◆ Problem to work on:
Could you repeat every record exactly as it appears?

-- Data section follows --

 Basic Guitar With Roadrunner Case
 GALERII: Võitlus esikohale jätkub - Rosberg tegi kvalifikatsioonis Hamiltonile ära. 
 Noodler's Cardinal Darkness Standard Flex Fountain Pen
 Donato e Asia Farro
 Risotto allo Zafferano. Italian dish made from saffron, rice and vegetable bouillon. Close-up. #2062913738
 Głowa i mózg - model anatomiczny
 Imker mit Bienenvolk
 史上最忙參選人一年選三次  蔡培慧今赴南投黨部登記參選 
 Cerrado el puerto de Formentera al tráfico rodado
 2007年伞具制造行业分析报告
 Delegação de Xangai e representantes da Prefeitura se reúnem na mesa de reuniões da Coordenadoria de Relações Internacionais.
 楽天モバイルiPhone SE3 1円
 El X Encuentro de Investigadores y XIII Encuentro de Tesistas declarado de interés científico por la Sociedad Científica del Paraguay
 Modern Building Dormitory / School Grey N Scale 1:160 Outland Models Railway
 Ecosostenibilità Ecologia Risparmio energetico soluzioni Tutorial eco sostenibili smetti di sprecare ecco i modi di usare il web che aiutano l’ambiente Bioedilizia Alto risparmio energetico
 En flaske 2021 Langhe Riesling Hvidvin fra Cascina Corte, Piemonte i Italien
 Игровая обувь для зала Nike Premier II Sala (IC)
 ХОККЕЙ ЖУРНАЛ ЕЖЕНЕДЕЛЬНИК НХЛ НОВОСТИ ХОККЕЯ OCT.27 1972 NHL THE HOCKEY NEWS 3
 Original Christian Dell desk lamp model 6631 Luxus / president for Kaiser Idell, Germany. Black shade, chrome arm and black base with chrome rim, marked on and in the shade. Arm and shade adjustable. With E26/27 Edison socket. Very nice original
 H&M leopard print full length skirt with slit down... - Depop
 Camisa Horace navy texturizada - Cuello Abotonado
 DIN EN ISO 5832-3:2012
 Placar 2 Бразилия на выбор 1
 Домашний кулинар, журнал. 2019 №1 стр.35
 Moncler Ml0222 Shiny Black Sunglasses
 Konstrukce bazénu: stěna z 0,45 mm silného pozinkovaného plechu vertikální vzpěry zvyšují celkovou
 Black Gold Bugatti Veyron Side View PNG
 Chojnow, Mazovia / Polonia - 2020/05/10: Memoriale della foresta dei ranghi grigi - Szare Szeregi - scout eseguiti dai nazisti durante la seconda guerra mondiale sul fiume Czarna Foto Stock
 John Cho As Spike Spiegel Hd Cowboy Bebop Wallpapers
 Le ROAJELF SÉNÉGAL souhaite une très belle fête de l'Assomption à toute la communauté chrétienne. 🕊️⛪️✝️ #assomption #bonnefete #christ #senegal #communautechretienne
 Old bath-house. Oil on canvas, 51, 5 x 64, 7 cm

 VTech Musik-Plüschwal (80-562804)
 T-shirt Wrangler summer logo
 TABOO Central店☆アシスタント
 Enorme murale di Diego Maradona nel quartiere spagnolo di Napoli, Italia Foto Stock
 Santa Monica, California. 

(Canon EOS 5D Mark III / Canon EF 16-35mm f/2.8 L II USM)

-- Data section concluded --

◆ Solution for this exercise:
 Basic Guitar With Roadrunner Case
 GALERII: Võitlus esikohale jätkub - Rosberg tegi kvalifikatsioonis Hamiltonile ära. 
 Noodler's Cardinal Darkness Standard Flex Fountain Pen
 Donato e Asia Farro
 Risotto allo Zafferano. Italian dish made from saffron, rice and vegetable bouillon. Close-up. #2062913738
 Głowa i mózg - model anatomiczny
 Imker mit Bienenvolk
 史上最忙參選人一年選三次  蔡培慧今赴南投黨部登記參選 
 Cerrado el puerto de Formentera al tráfico rodado
 2007年伞具制造行业分析报告
 Delegação de Xangai e representantes da Prefeitura se reúnem na mesa de reuniões da Coordenadoria de Relações Internacionais.
 楽天モバイルiPhone SE3 1円
 El X Encuentro de Investigadores y XIII Encuentro de Tesistas declarado de interés científico por la Sociedad Científica del Paraguay
 Modern Building Dormitory / School Grey N Scale 1:160 Outland Models Railway
 Ecosostenibilità Ecologia Risparmio energetico soluzioni Tutorial eco sostenibili smetti di sprecare ecco i modi di usare il web che aiutano l’ambiente Bioedilizia Alto risparmio energetico
 En flaske 2021 Langhe Riesling Hvidvin fra Cascina Corte, Piemonte i Italien
 Игровая обувь для зала Nike Premier II Sala (IC)
 ХОККЕЙ ЖУРНАЛ ЕЖЕНЕДЕЛЬНИК НХЛ НОВОСТИ ХОККЕЯ OCT.27 1972 NHL THE HOCKEY NEWS 3
 Original Christian Dell desk lamp model 6631 Luxus / president for Kaiser Idell, Germany. Black shade, chrome arm and black base with chrome rim, marked on and in the shade. Arm and shade adjustable. With E26/27 Edison socket. Very nice original
 H&M leopard print full length skirt with slit down... - Depop
 Camisa Horace navy texturizada - Cuello Abotonado
 DIN EN ISO 5832-3:2012
 Placar 2 Бразилия на выбор 1
 Домашний кулинар, журнал. 2019 №1 стр.35
 Moncler Ml0222 Shiny Black Sunglasses
 Konstrukce bazénu: stěna z 0,45 mm silného pozinkovaného plechu vertikální vzpěry zvyšují celkovou
 Black Gold Bugatti Veyron Side View PNG
 Chojnow, Mazovia / Polonia - 2020/05/10: Memoriale della foresta dei ranghi grigi - Szare Szeregi - scout eseguiti dai nazisti durante la seconda guerra mondiale sul fiume Czarna Foto Stock
 John Cho As Spike Spiegel Hd Cowboy Bebop Wallpapers
 Le ROAJELF SÉNÉGAL souhaite une très belle fête de l'Assomption à toute la communauté chrétienne. 🕊️⛪️✝️ #assomption #bonnefete #christ #senegal #communautechretienne
 Old bath-house. Oil on canvas, 51, 5 x 64, 7 cm

 VTech Musik-Plüschwal (80-562804)
 T-shirt Wrangler summer logo
 TABOO Central店☆アシスタント
 Enorme murale di Diego Maradona nel quartiere spagnolo di Napoli, Italia Foto Stock
 Santa Monica, California. 

(Canon EOS 5D Mark III / Canon EF 16-35mm f/2.8 L II USM)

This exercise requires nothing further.